Personal information
- Born: Abe Kelmer September 20, 1905 Żychlin, Congress Poland, Russian Empire (now Poland)
- Died: March 28, 2007 (aged 101) Queens, New York, U.S.
- Spouse: June Miller ​ ​(m. 1939; died 1987)​

Professional wrestling career
- Ring name(s): Abe Coleman Hebrew Hercules Jewish Tarzan Little Hercules
- Billed height: 5 ft 3 in (1.60 m)
- Billed weight: 220 lb (100 kg)
- Billed from: Los Angeles, California
- Debut: 1927
- Retired: 1961

= Abe Coleman =

Polish professional wrestler, promoter and referee

Abe Kelmer / Abba Kelmer (September 20, 1905 – March 28, 2007) was a Polish professional wrestler, promoter and referee, known by the ring names Abe Coleman, Hebrew Hercules, and Jewish Tarzan. At the time of his death, Coleman was believed to be the oldest professional wrestler in the world, and the only known wrestler to live past the age of 100 years.

== Early life ==
Kelmer was born to a Jewish family in Żychlin, Congress Poland in 1905. His father was a coal-seller. Kelmer had 15 older brothers and sisters, some of whom died in the Holocaust. In 1923, he emigrated to Winnipeg, Manitoba, Canada, and later moved to New York City in the United States.

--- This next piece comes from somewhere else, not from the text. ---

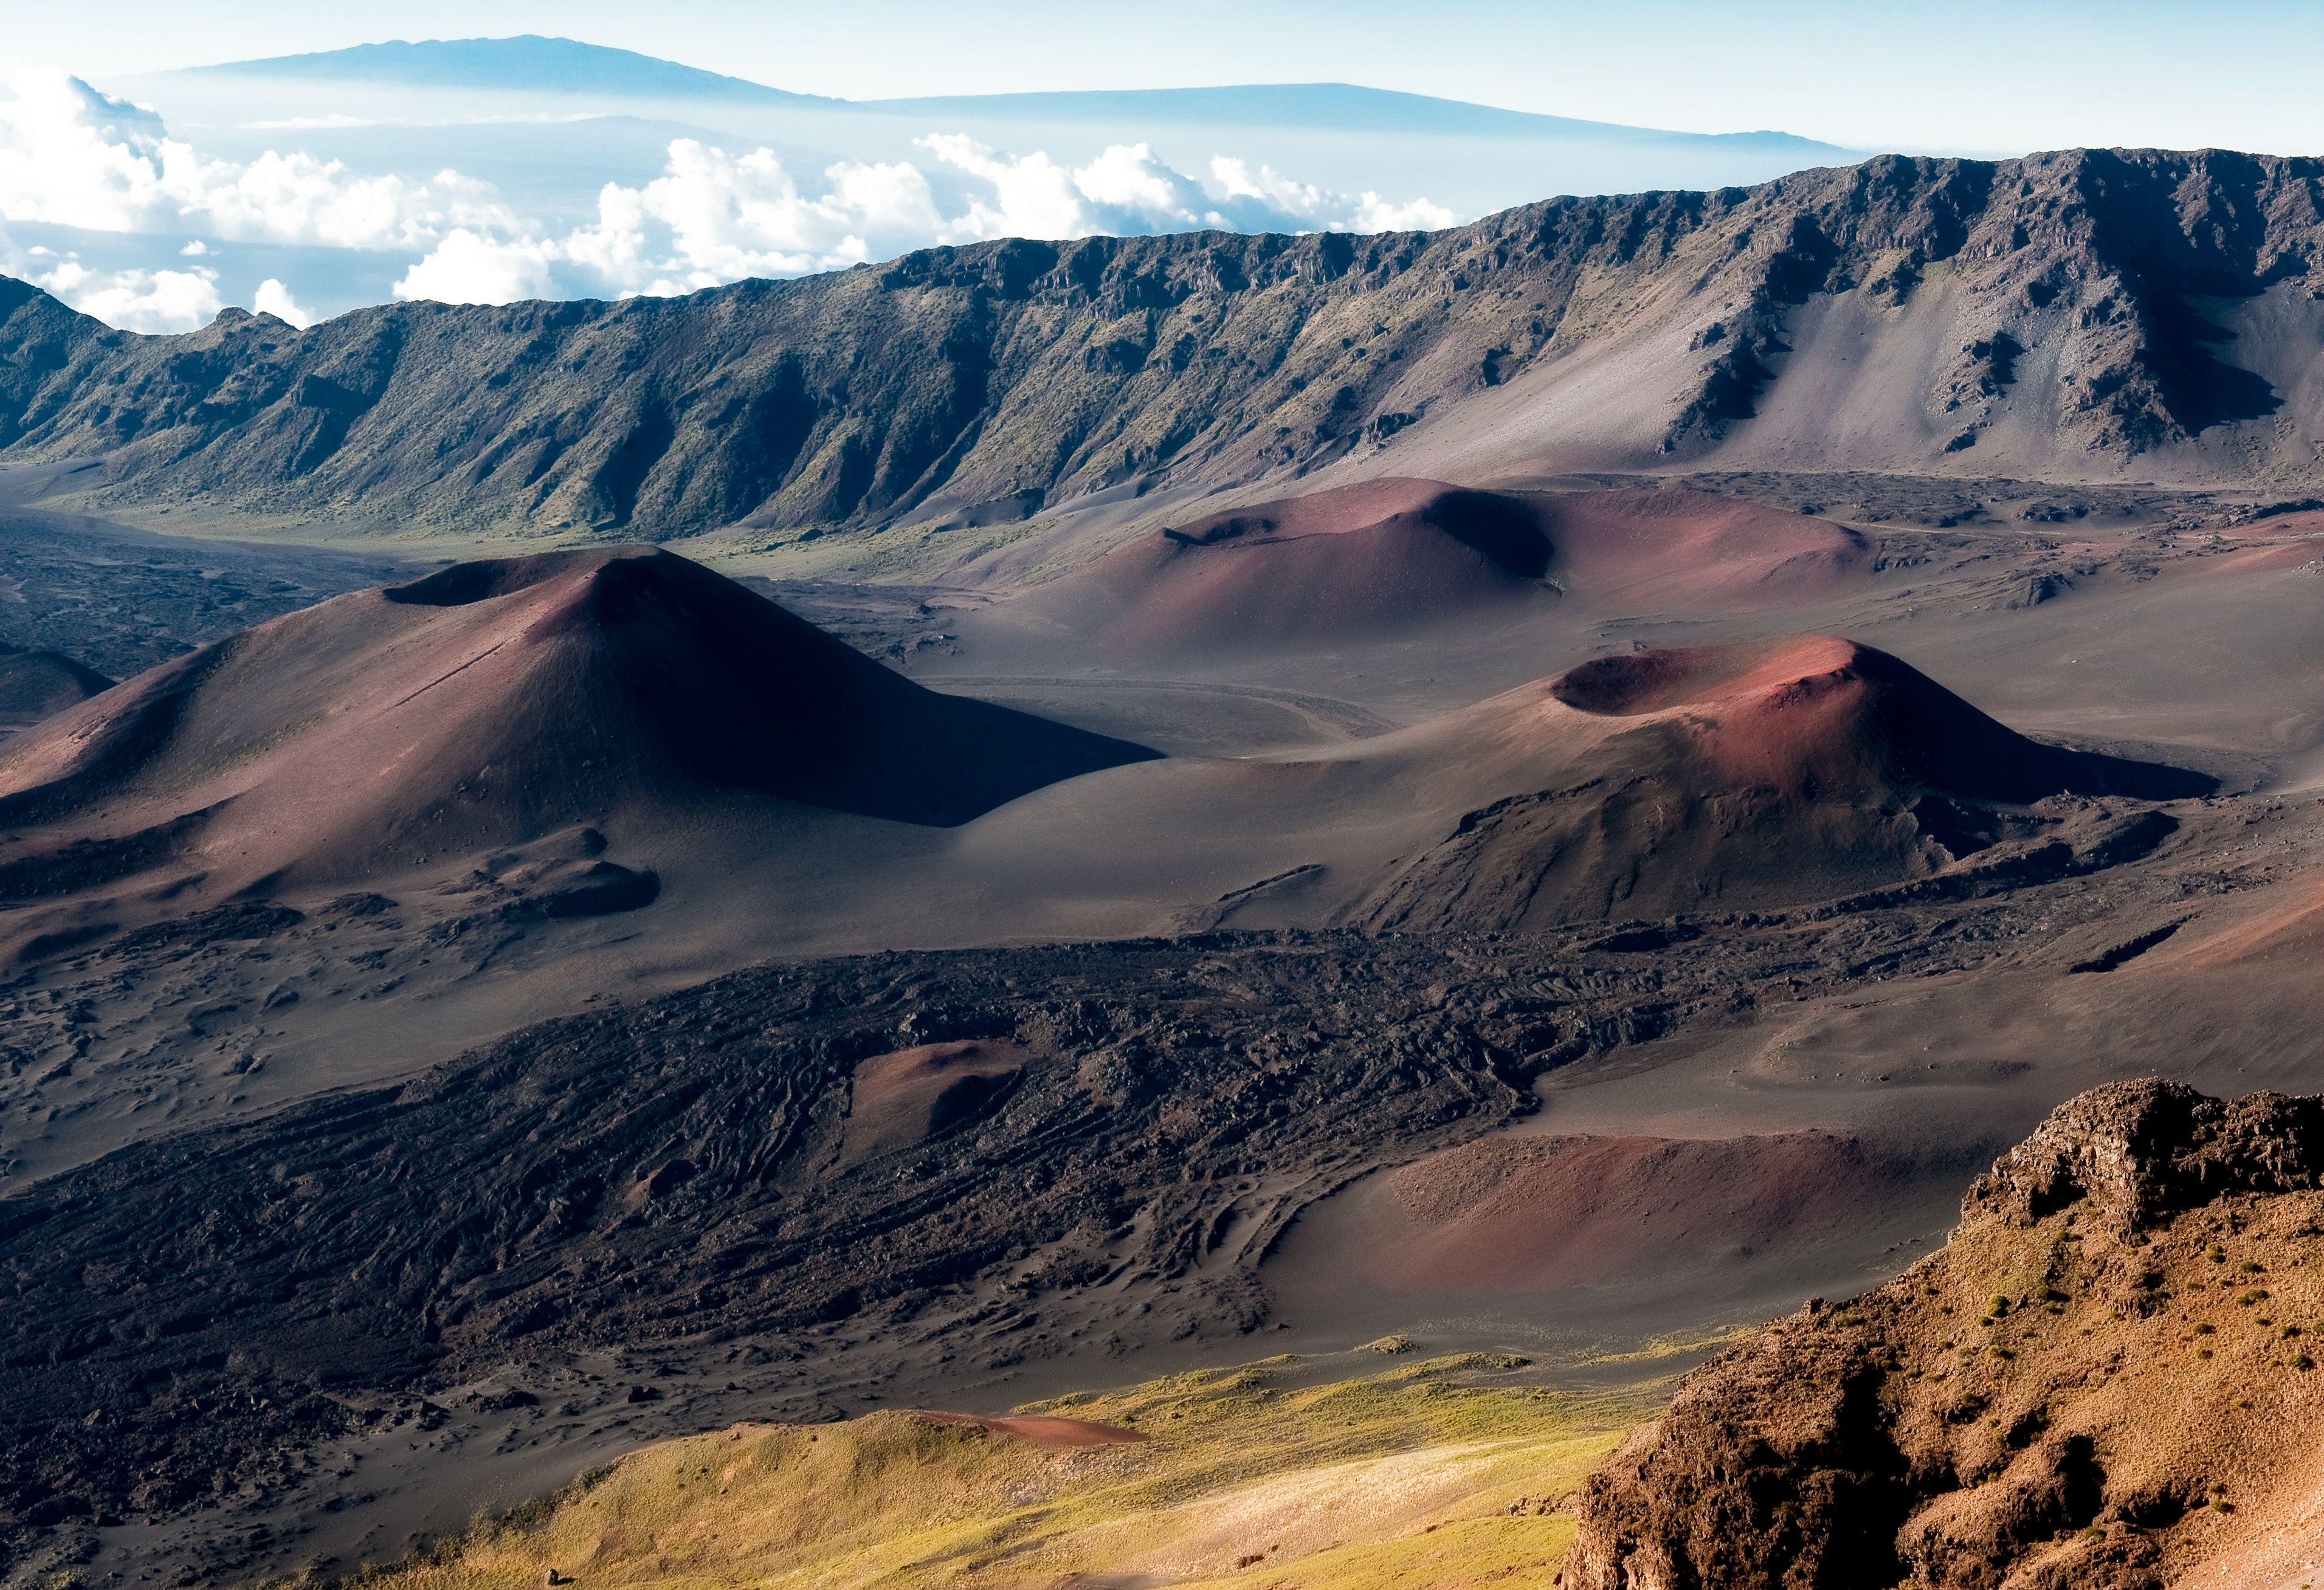 Hd wallpaper haleakala halemaumaucrater hawaii volcanoes hd wallpaper haleakala halemaumaucrater hawaii volcanoes national park nationalpark publicscrutiny Image collections

== Professional wrestling career ==
According to the Canadian Online Explorer's Greg Oliver, there is debate regarding Kelmer's debut in professional wrestling. In 1929, local promoter Rudy Miller offered Coleman $25 to wrestle after seeing him work out in a Brooklyn gym. Despite this, an "Abe Coleman" wrestled to a draw with George Deslonchamps on March 19, 1928, at Madison Square Garden, but it is unknown if it was Kelmer or another wrestler with the same ring name.

Credited for inventing the dropkick, Coleman claims his inspiration to create the move came from kangaroos he observed while on a tour of Australia in 1930.

Coleman was never a champion but regarded as a solid mid-card standby. In the 1930s, Coleman defeated Jim Londos in a match in a Mexico City bullring in front of 60,000 spectators. During a 1936 match against Man Mountain Dean in front of 36,000 people, Coleman slammed Dean to the ground, breaking the ring mat and dropping the pair down to the arena floor.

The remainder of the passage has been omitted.